Lazy might try to heat the regulator with hair dryer while engine is running to simulate actual riding.
 

Sven

Well-Known Member
H/L off may be higher. If this is a digital meter, read volts as 12.8 or 13.1. We have no clue what 'between 12 and 13' is? See how 12.9v could be in the middle of those 2 numbers?

If H/L on, this might draw the battery voltage down below 14.1v as an example voltage for a good idle number.

Say a battery that comes with its own pack of acid for you to pour in, there is a certain way to charge a new battery if one reads the directions. If someone at a bike shop charged the battery for you, my guess is it was not charged per instructions. That says it's going to have a short life.

As suggested, you want to somehow clip that volt meter on the battery, tap the meter to the handlebars and watch the way the bike handles charging that battery. Brake light draws a lot of current and if that brings the volts down quick say, it may point to the battery.

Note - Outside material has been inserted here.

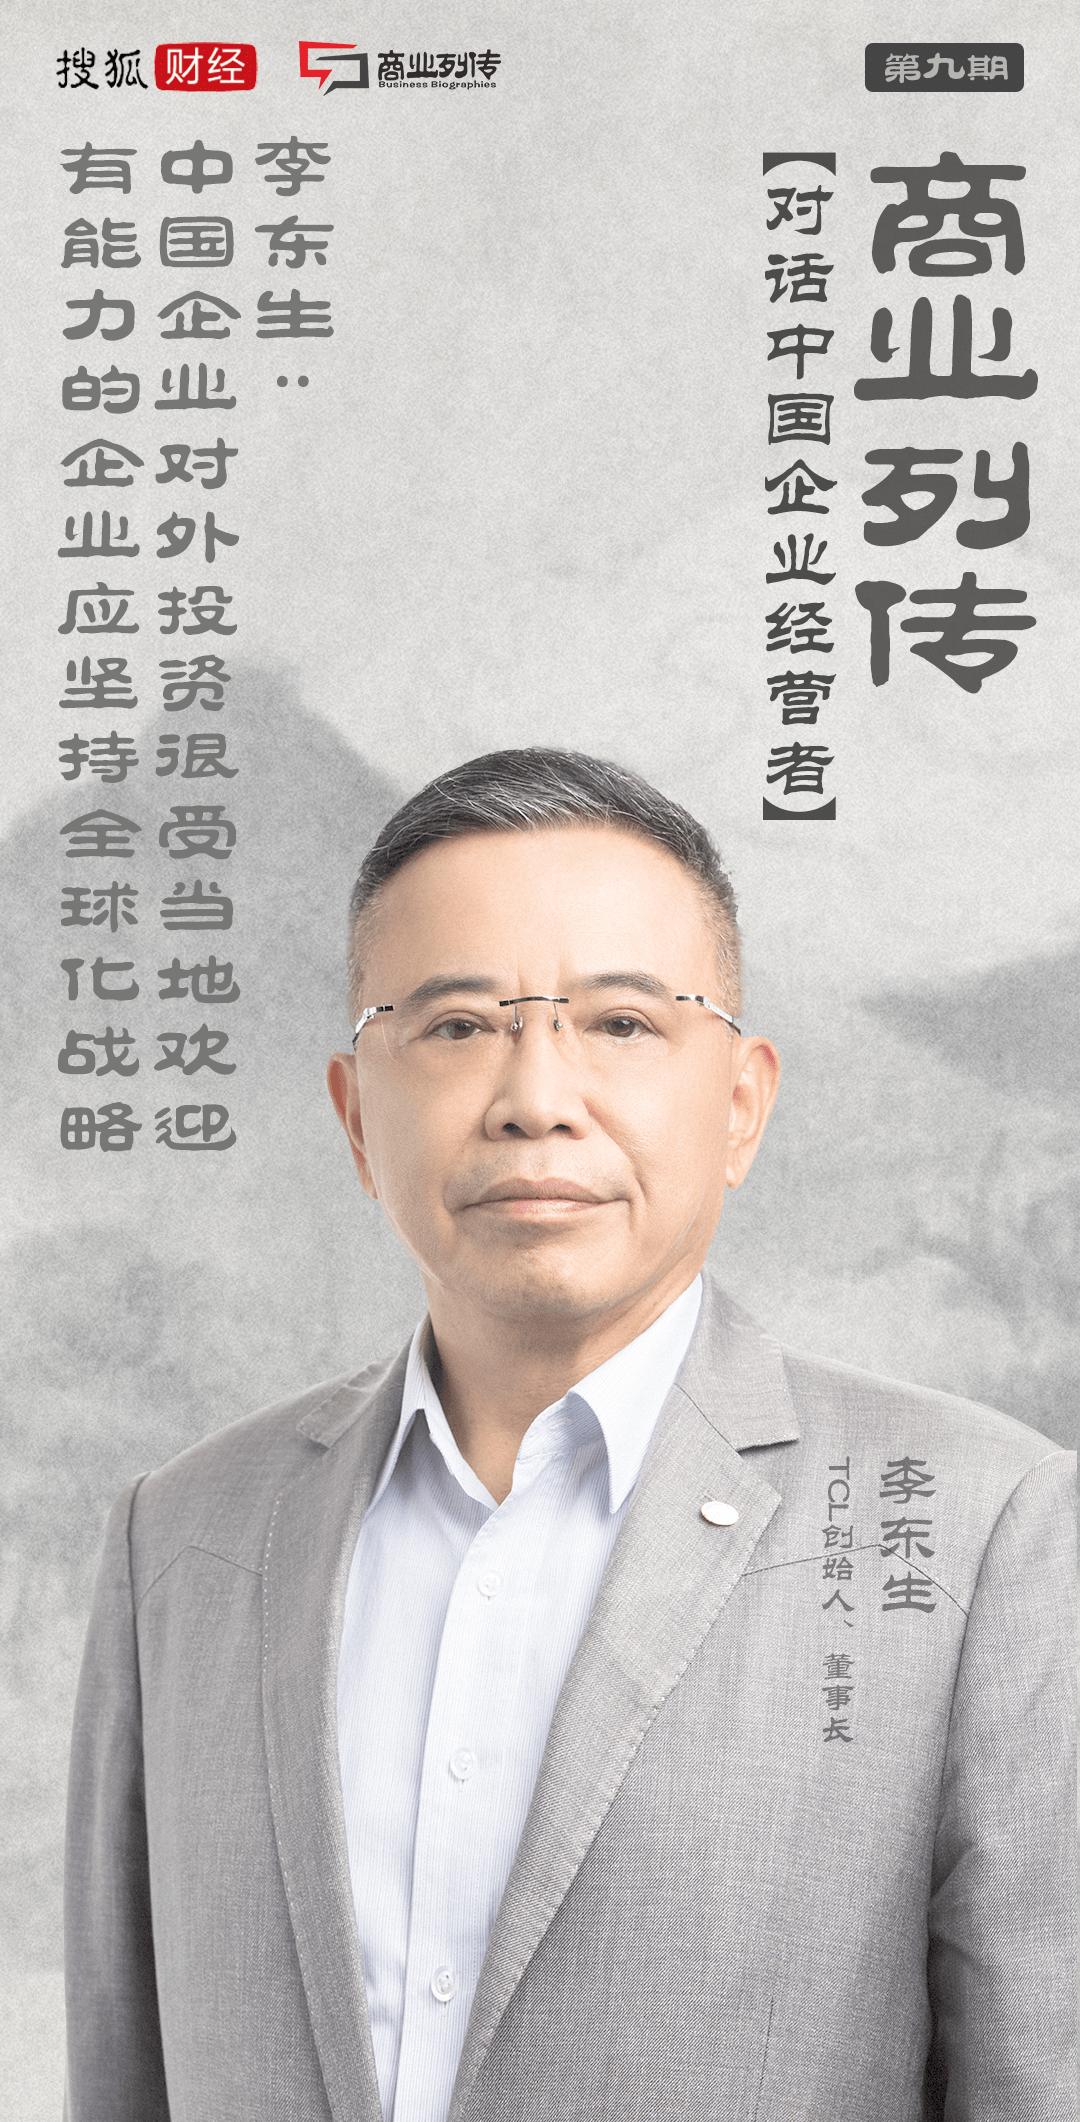 原对话李东生:中国企业的对外投资在当地很受欢迎,有能力的企业应该坚持全球化战略

Say at 12.6v nothing is drawing current off the battery.
Say with key on, you hold the brake light on, note how fast the current drops from the 12.6v number. If it drops to 12.4/12.1v within a few minutes or less, that's one test. If you turn the key off, wait 10 minutes, what did the battery do as far as 'recovery?' We should be back up to 12.6v meaning.

If it hangs down at 12.1/12.3v, Huston, we have a problem.
 

Sven

Well-Known Member
i have constant running lights. there is no way to turn them off. so thats what it is
V/reg recognizes demand out of the battery, right? Say we have 3 variables to eliminate.

Stator = What is my output at max rpm? The faster I rotate, the more I upset things as in cause heat, which move molecules, meaning, that makes more voltage out the wires. What is that chart against your wires?

V/reg = I regulate what the stator puts out in excess. I'm in the middle of this. I see your headlight on at idle, that is more current out the battery the stator needs to come up with. I am constantly regulating 14v into that battery as we putt down the road. At idle with key on, front and rear lights on, I now have to kick in more than is being used out of the battery. If I am regulating, I should be showing more volts, especially if I am a computer bike that needs a constant 5v for that system.

Battery = I am a storage unit. I am feeding lights/ign/black box telemetry. If I am at 12v, do you see how I could be 4.99v from being 5v if that battery drops anymore? That is why I have to be well charged on the surface at 12.8v. If I am down to 12.1 from a well charged battery, meaning, 12.8 is now 12.1 in a day or so after a charge and it sits for days, then it's a battery that cannot hold even a surface charge.

1. Where are we in stator output? We want to see if the battery is the problem.

2. The V/reg shows it can move and control voltage when revved. So without some other bike checking it's charge and sending in a post as to what their bike idles at, it might be normal if it cuts off at 14 said volts. So no, it's not the V/reg at this time, nor say the stator. Why? Because the V/reg can cut off and sustain that 14v window, right?

3. We are down to the battery as the whole loop are these 3 components. Back to what someone said about a load test. Surface test, walk away from the battery after it's been charged. Write down the digital number, then test down the road, or help it with a bulb on for 3 minutes and no more.